В заключительном параграфе первого раздела «Идей.» автор проводит размежевание наук с догматической установкой и наук со специфически философской (критической) установкой, при этом явно выступая в защиту догматических наук, аргументируя это тем, что философский скептицизм тормозит практически-научную деятельность. Правда затем он заявляет, что «Мы все эти тормоза в форме естественной „догматической‘ науки ... выключаем» [4: 85-86] - поэтому остается непонятным, что же, по мнению автора, является тормозом - собственно присущие догматическим наукам формы, или философский скептицизм? Более того, непонятна общая позиция самого автора: ведь в начале данного исследования он позиционировал феноменологию как науку о сущностях и в этом смысле науку о «нереальном» (причем, понимая под этой наукой именно философию - в отличие от позитивизма), тут же он, правда, несколько двусмысленно - пытается абстрагироваться именно от философской установки, отождествляя ее с критицизмом.
Второй раздел начинается рассуждениями (или лучше сказать - литературными описаниями) так называемого мира естественной установки. Речь идет о наглядном пространственно-временном мире опыта, опыта существующего «Благодаря зрению, осязанию, слышанию и т. д., различными способами чувственного восприятия» [4: 89]. Причем, как ни странно, в естественную установку входит и «непосредственное разумение» того, что представляют и мыслят другие люди, «какие чувства шевелятся в их душе, чего они желают или волят» [4: 89-90]. Действительными объектами мира естественной установки являются «определенные, более или менее известные мне - суть здесь и без всякого отличия от тех, что воспринимаю я актуально, хотя они мною и не воспринимаются и даже не наличествуют наглядно в настоящий момент» [4: 90]. Из данного определения следует, что мир естественной установки - это мир восприятия и представления, но не мышления. Мир естественной установки, мир живого воображения (а не понятийного мышления - о чем сбоственно и говорится в следующем фрагменте), описывается Гуссерлем с характерным
для него же живым воображением: «Мое внимание от письменного стола, который я вот только что видел перед собою и который принимал особо к сведению, способно отправиться гулять через те части комнаты, которые я не вижу и которые находятся за моей спиной, на веранду, потом в сад, к детям, которые играют в беседке, ко всем тем объектам, о которых я как раз „знаю“, что они пребывают тут и там в моем непосредственно осознаваемом окружении, - знание, в каком нет ничего от понятийного мышления» [4: 90].

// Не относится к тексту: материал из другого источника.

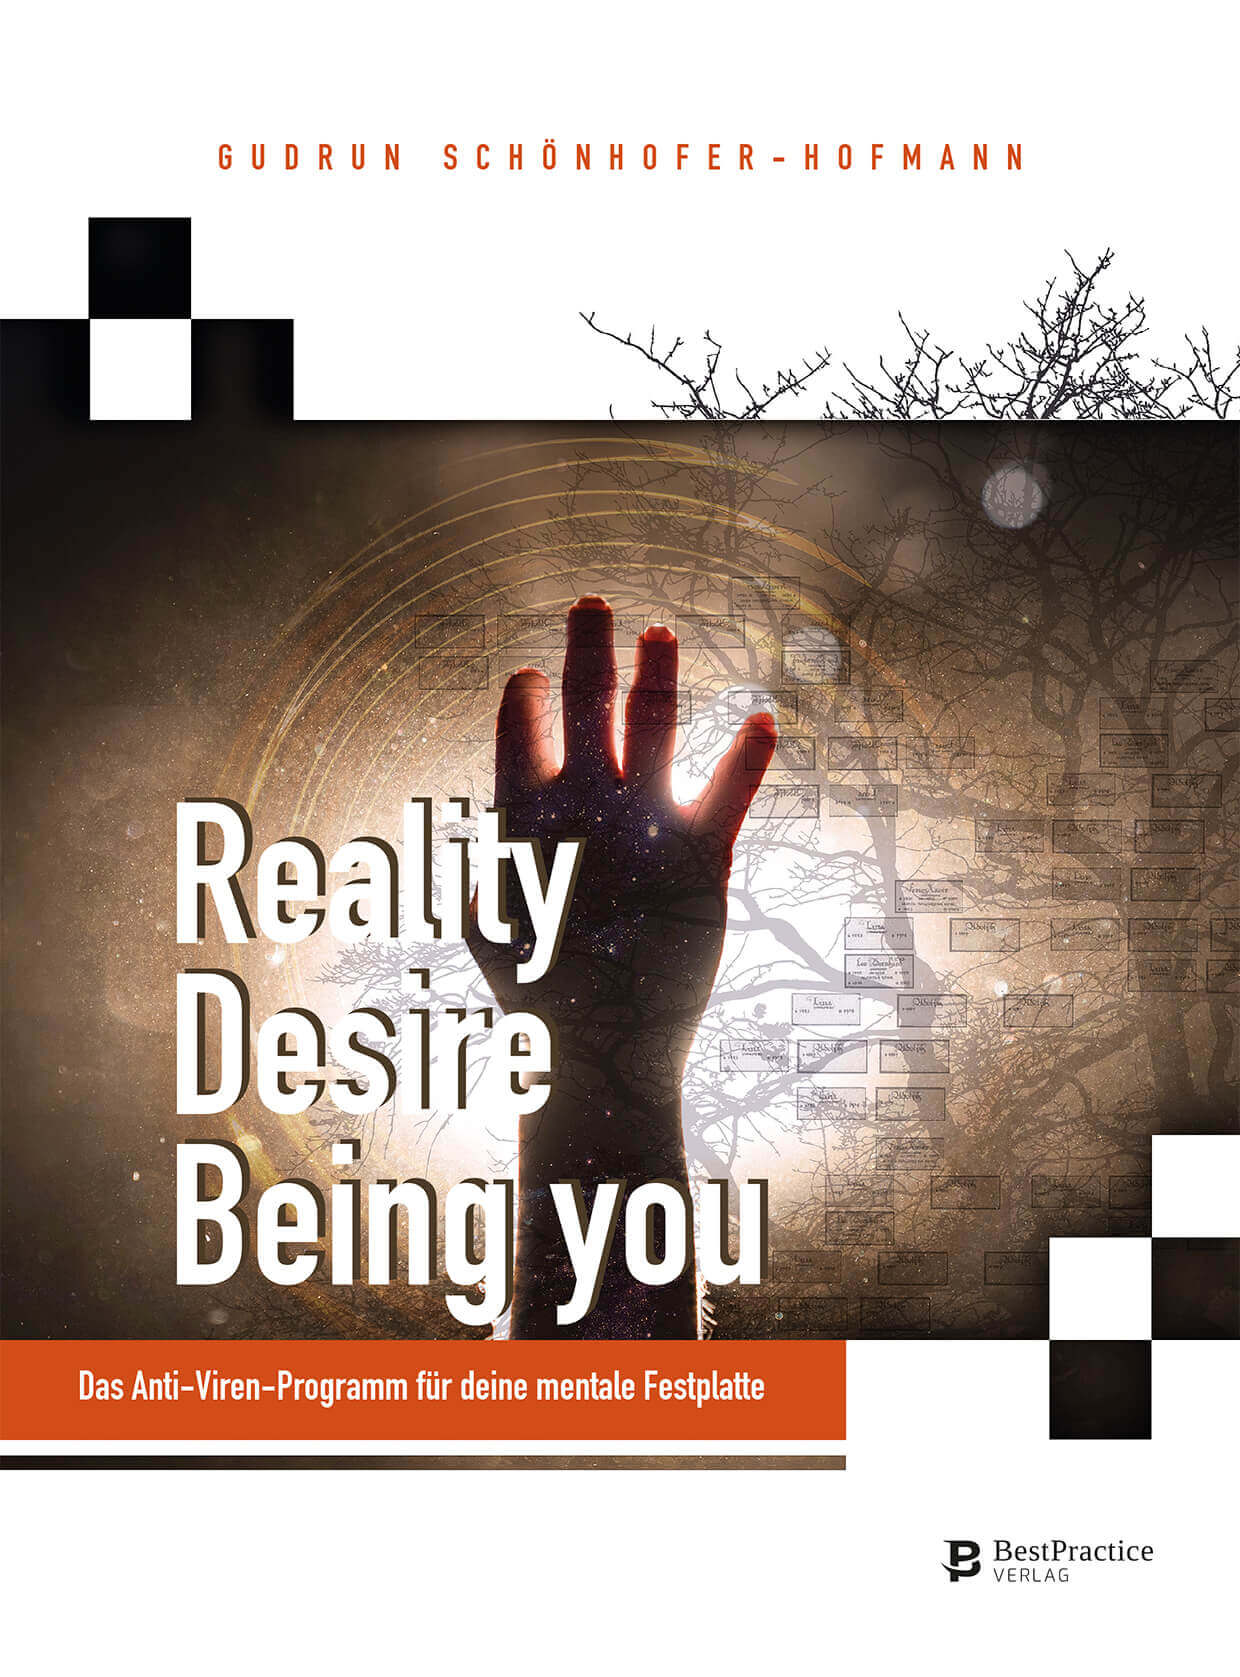 Being you - Das Anti-Viren-Programm für deine mentale Festplatte

Интересно соотношение понятийного мышления и созерцания в понимании Гуссерля. Отсутствие понятийного мышления как бы коррелирует с отсутствием ясного созерцания, что позволяет их отождествлять.
Итак, мир естественной установки это мир всего соприсутствующего «либо с наглядной ясностью, либо же неясно». Далее, Гуссерль оговаривается, что «мир для меня - не просто мир вещей, но - в той же самой непосредственности - и мир ценностей, мир благ, практический мир» [4: 91]. Можно подумать, что такой поворот сюжета выводит содержание мира естественной установки за рамки непосредственно эмприрического с его акцентом на восприятие, представление и воображение, а не на понятие и мышление. Однако дальнейшее описание показывает, что этот, так сказать, регион жизненного мира есть лишь область эмоциональной, эстетической оценки. «Без всякого дальнейшего размышления я нахожу вещи снабженными как свойствами вещей, так и ценностными характеристиками - они прекрасны и безобразны, приятны и неприятны, милы и отвратительны и т. п.» [4: 92].
В следующем параграфе речь идет о том, что все акты так сказать теоретического разума относятся к вышеописанному миру естественной установки и обнимаются декартовским cogito. Таким образом, в cogito умещается как понятийное мышление, так и акты восприятия и представления. Справедливости ради, стоит заметить, что и сам Декарт давал повод для такого смешения1, что, еще раз подчеркивает необходимость провести четкое разделение этих категорий в нашем исследовании.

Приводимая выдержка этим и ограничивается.